I honestly can’t remember the last time my ex-husband and I ate dinner together at home at our table. So my daughter and I didn’t either; we sat in the living room. Partly because it was easy and partly because I really didn’t want us to sit at the table while he sat in the other room. It just didn’t feel good.
Unfortunately that habit stuck with us for a very long time. At my mom’s house we sat at the table some of the time, but once we got in our own place, we didn’t. I think it was partly that issue I had with our family feeling incomplete. No dad, no siblings. I always thought I would have a bunch of kids. After two miscarriages and a divorce, the table can feel pretty empty.
But I think we were missing out on a great time of togetherness. So, we started sitting at the table.
I have a few pretty vintage tablecloths and even started lighting a candle sometimes. Celebrating that we are a family, even with only two. That doesn’t make our love and commitment to each other any less. It just means we have room for our family to grow, if that’s what God decides.

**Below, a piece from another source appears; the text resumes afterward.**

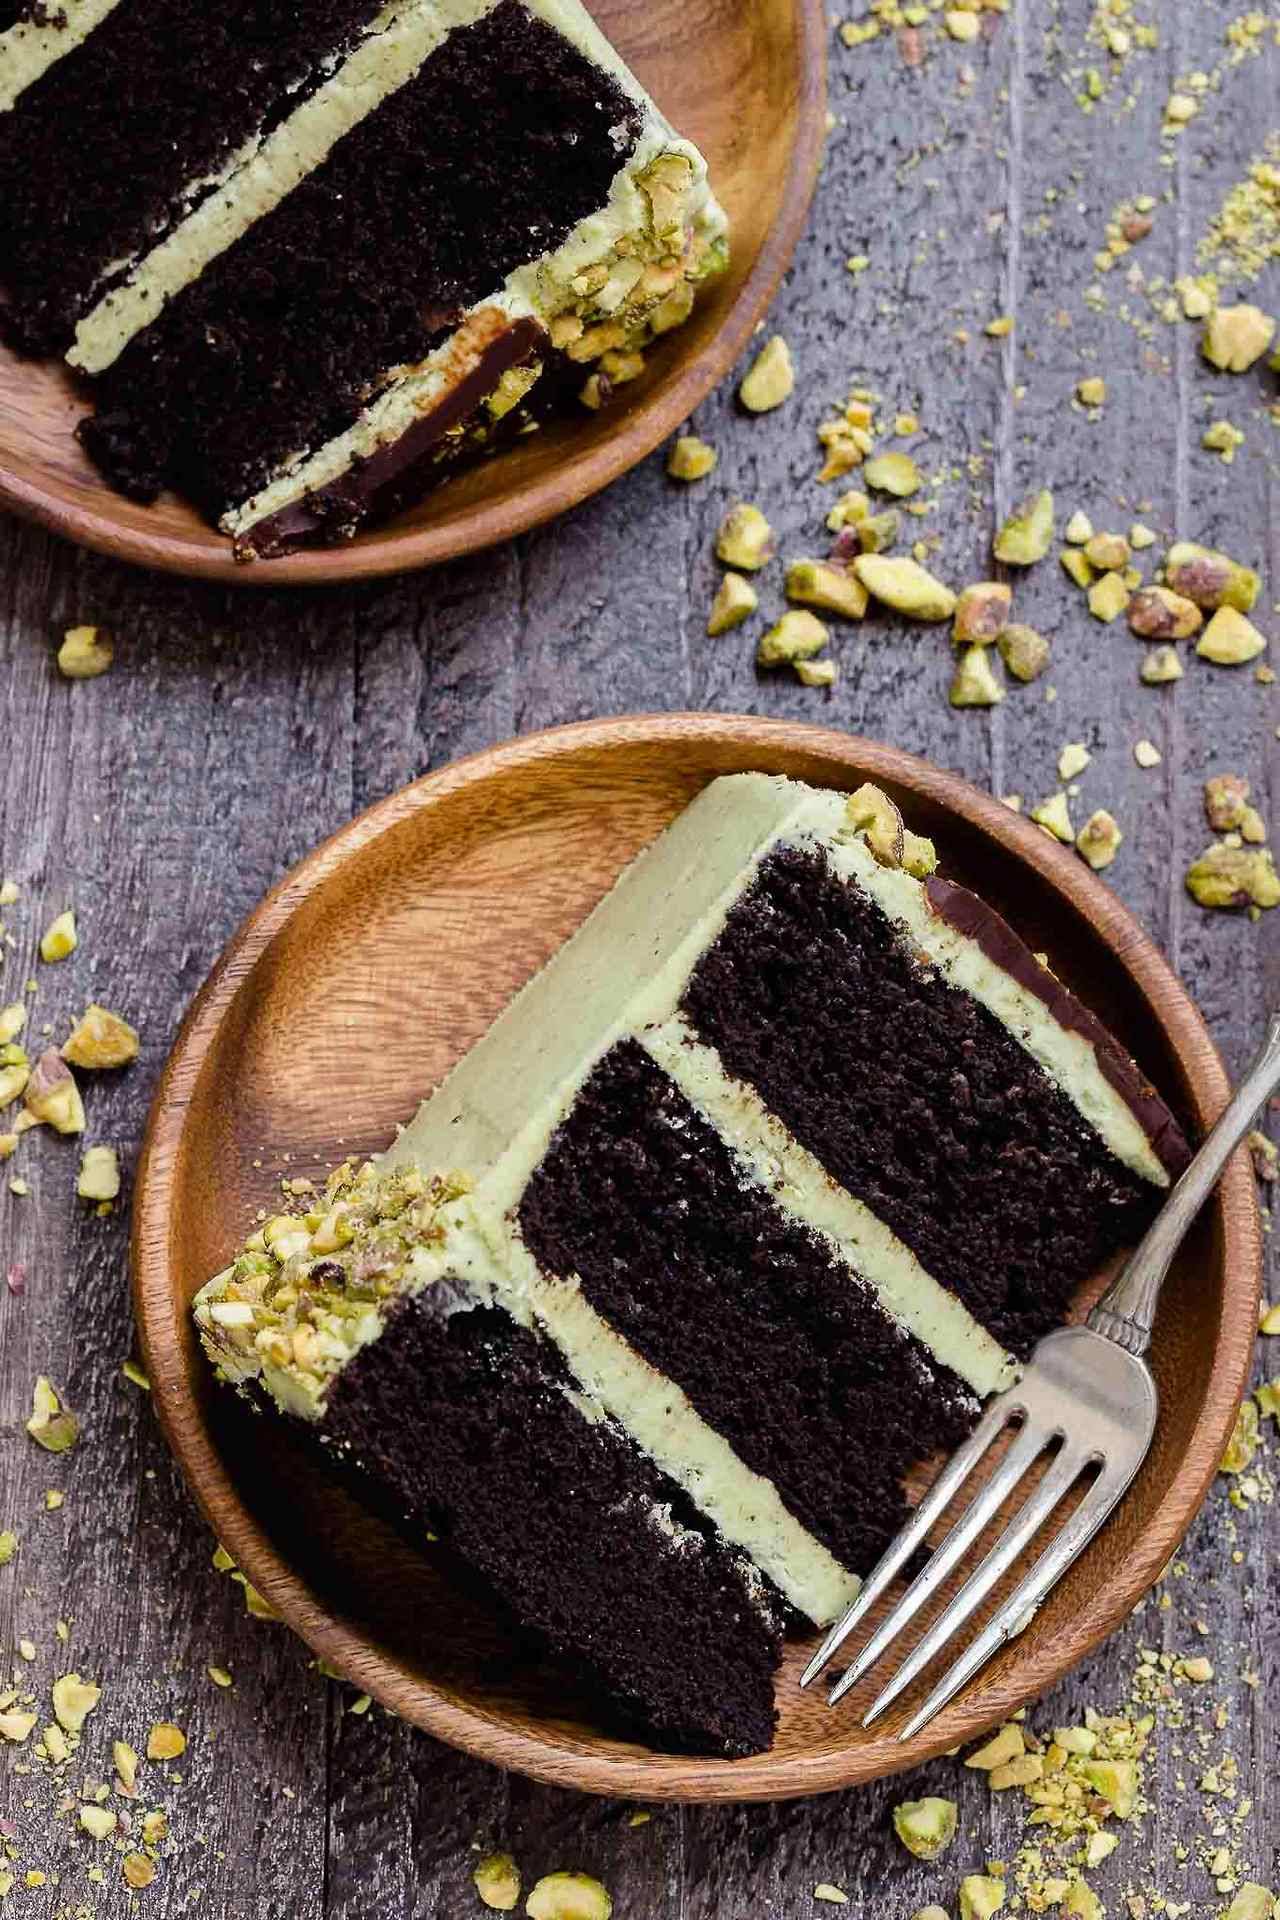 sweetoothgirl:  Layered Chocolate Pistachio Cake  This reminds me of the dessert

It’s taking my young one a bit of time to get used to having to sit at the table every night. But we are talking more and playing more while we do it. I want this to become something we do as many nights as possible for as long as we are under the same roof. A few minutes every day where we are together just focused on each other.
A reminder that we are a family. We are a team. A constant in a world of uncertainty. Maybe it’s just dinner. But I think it’s a great place to start.